AFLplusplus
libafl-frida stalker miss many blocks?
I try to fuzz android library based libafl-frida. I write a harness library which uses dlopen to load the target library.
When fuzzing, I use frida to hook one of the functions in target library, and it was hit.
However, I print all block addresses in stalker transformer , the addresses in that function are not found.
I try to use javascript interface of stalker based frida-server, and everything seems good. I guessed it's the problem of frida-gum of rust. Anyone encounters the same problem?
I test it in samsung phone, the target library needed some libs of the samsung phone.
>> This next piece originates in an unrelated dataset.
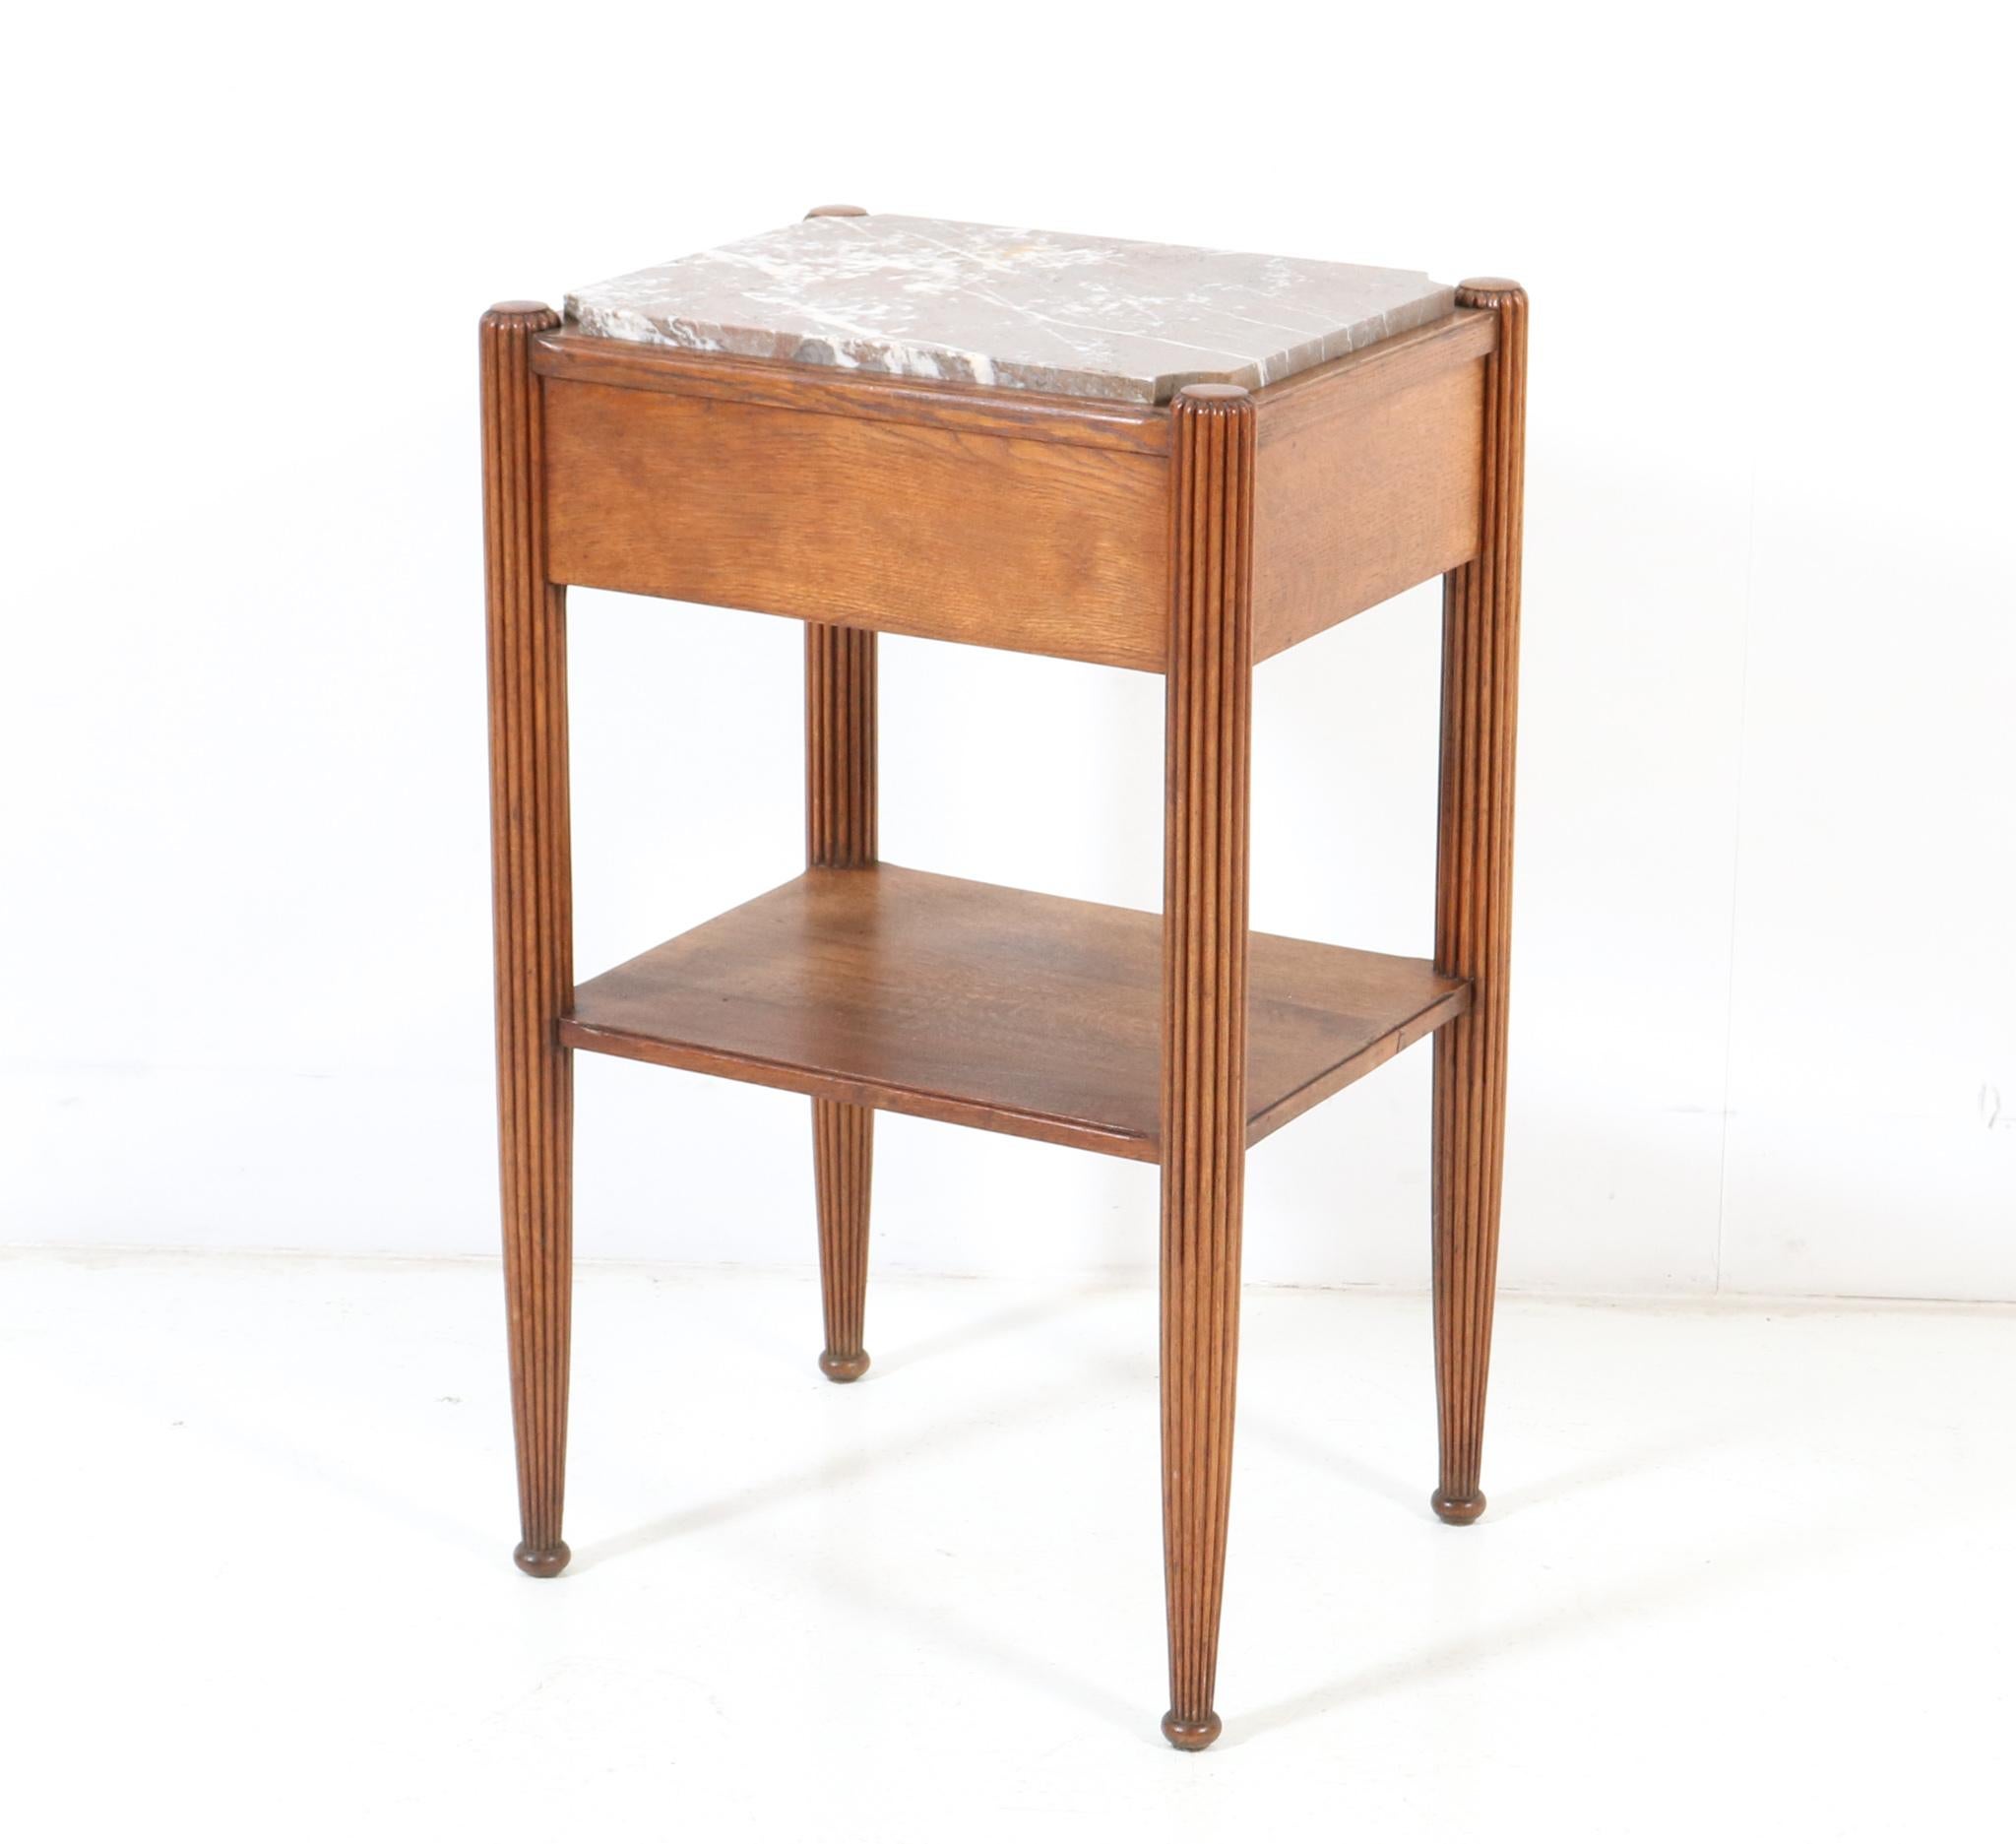 Brass Oak Art Deco Side Table with Marble Top, 1930s For Sale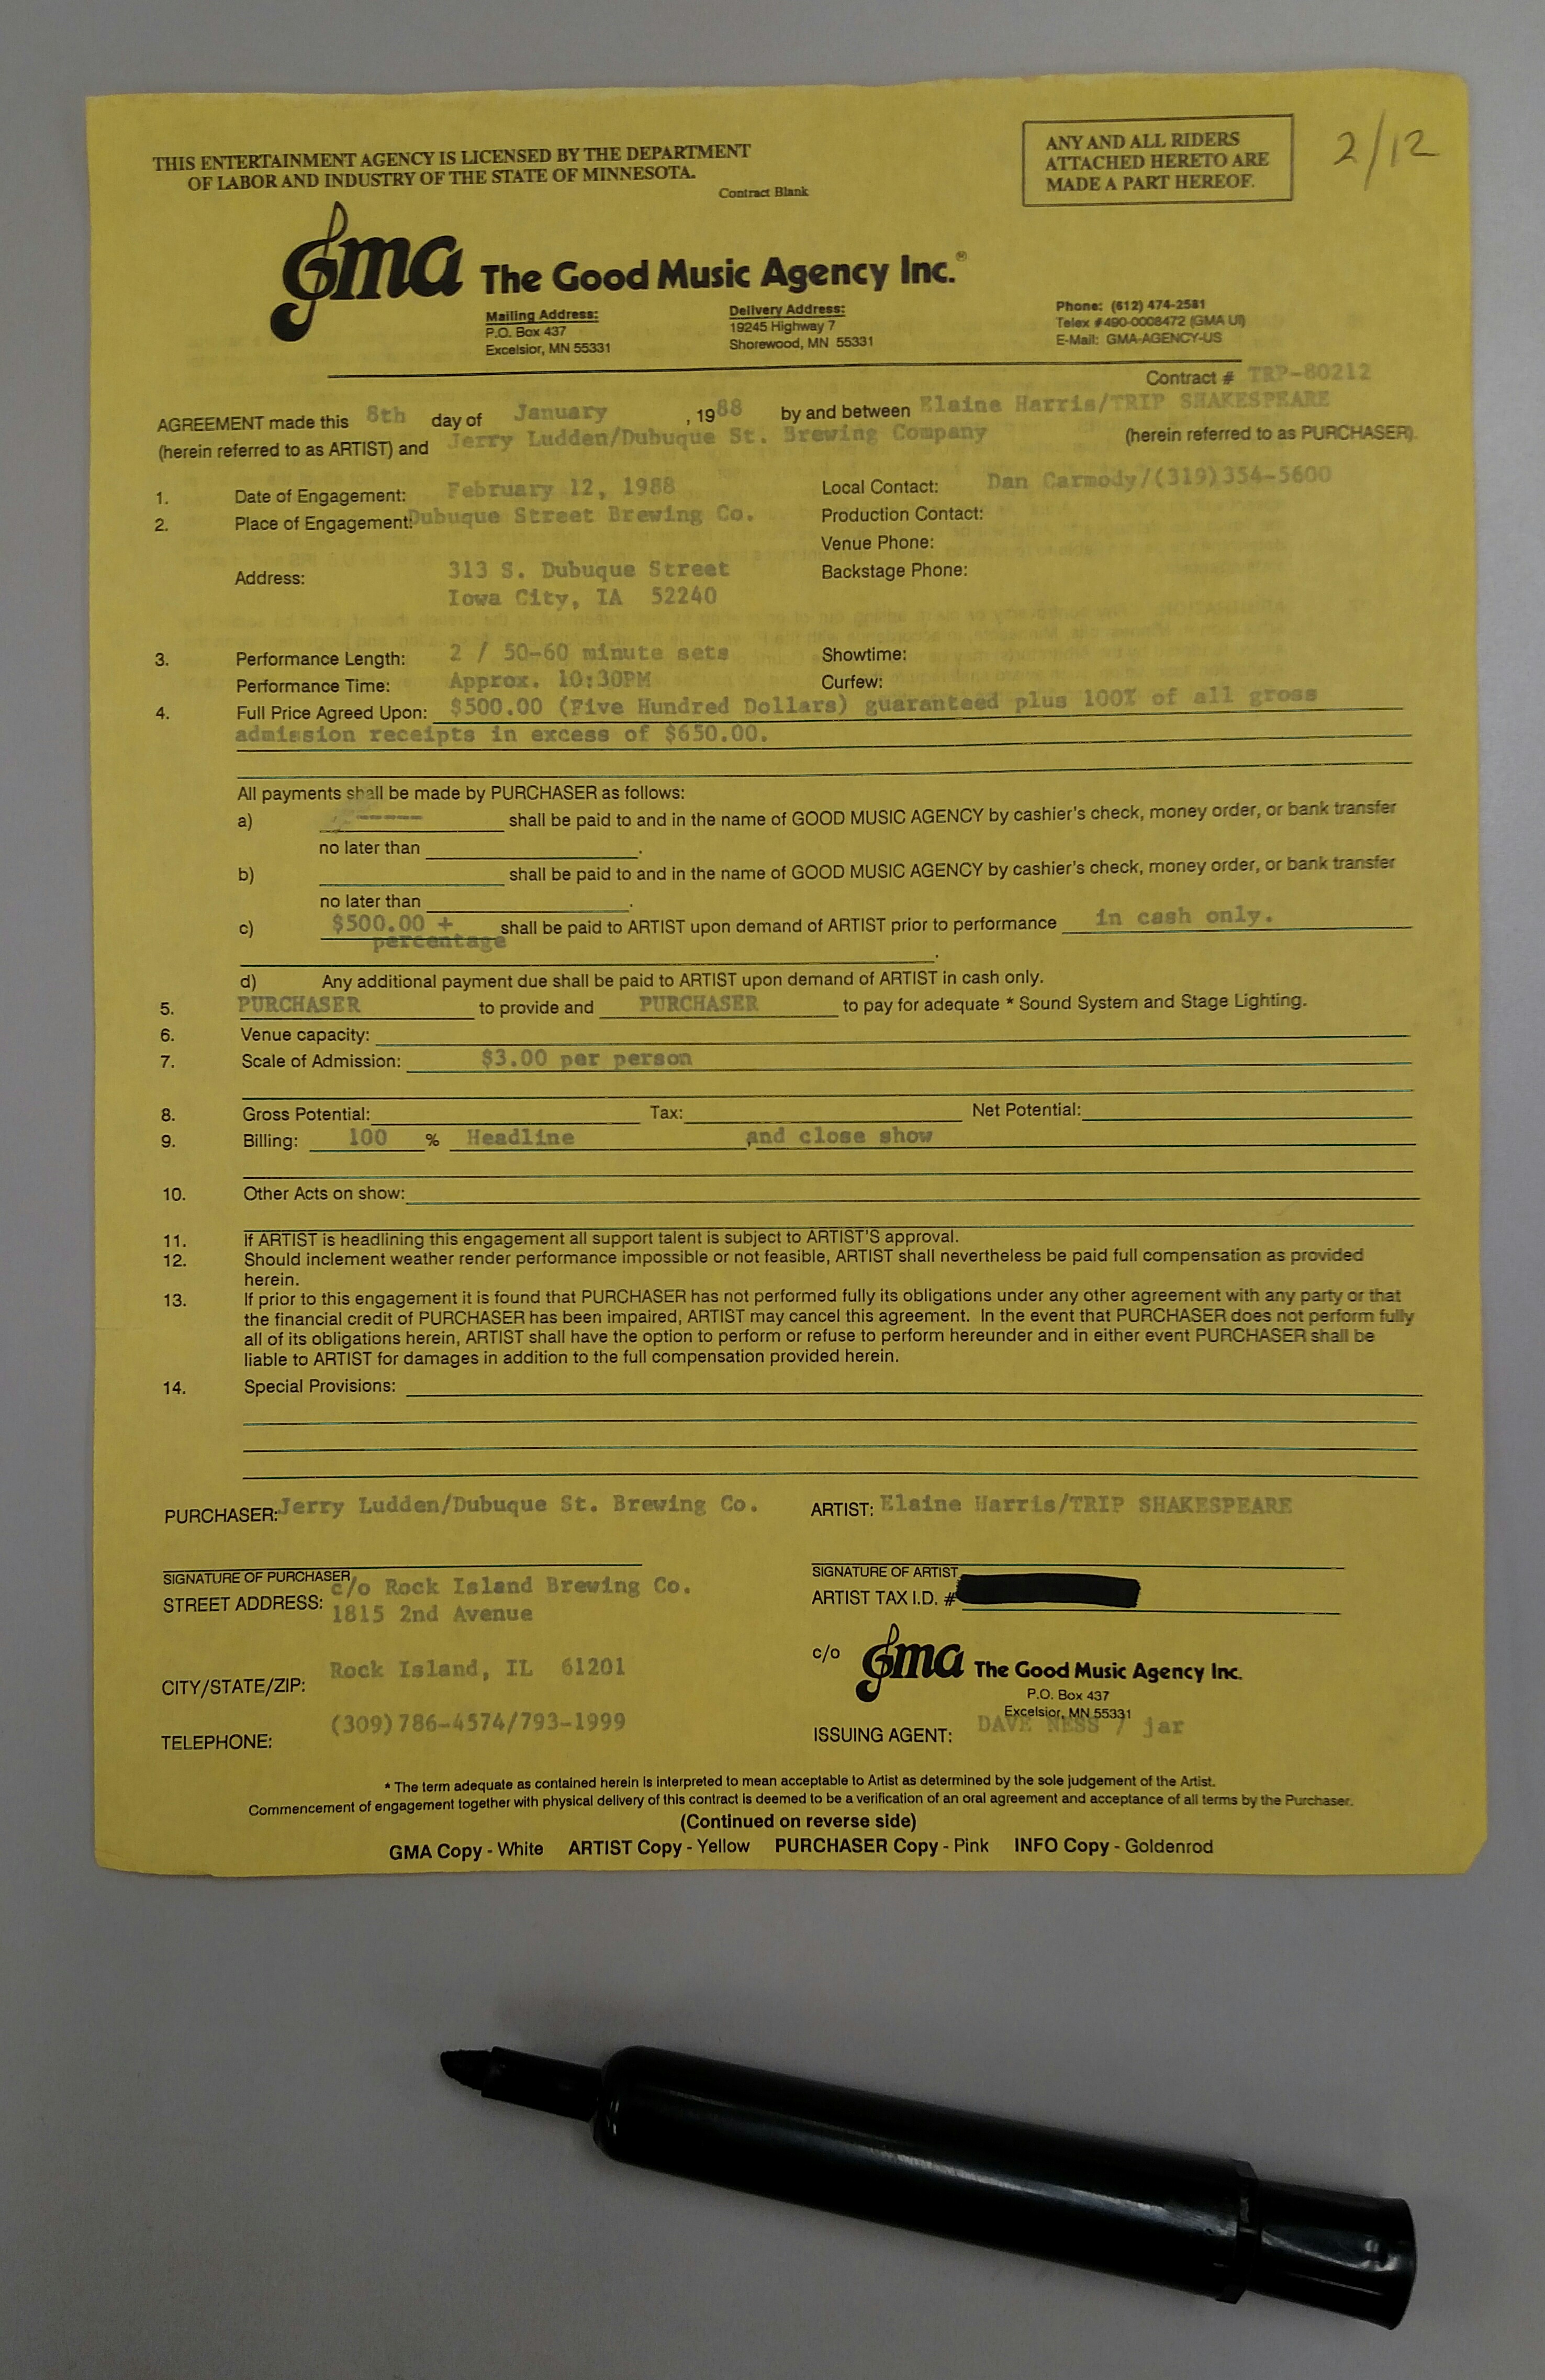 01349 Performance Contract with Social Security Number Redacted

And I found it's not the problem of libafl. The problem is the achievement of frida stalker exclude function (frida-gum), I didn't know the reason why the stalker exclude works fail on my target, and i solved it by commenting on it, and this problem also exists in afl++ frida mode.
thanks for the info so you mean these lines?
for range in ranges.gaps(&(0..usize::MAX)) {
println!("excluding range: {:x}-{:x}", range.start, range.end);
stalker.exclude(&MemoryRange::new(
NativePointer(range.start as *mut c_void),
range.end - range.start,
));
}
thanks for the info so you mean these lines?
for range in ranges.gaps(&(0..usize::MAX)) { println!("excluding range: {:x}-{:x}", range.start, range.end); stalker.exclude(&MemoryRange::new( NativePointer(range.start as *mut c_void), range.end - range.start, )); }
Sure, I comment stalker.exclude
This is the result of leaving out some -l arguments. There must be a clear line of execution from every function you want stalked back to the entry point. This is is because of how frida-stalker works.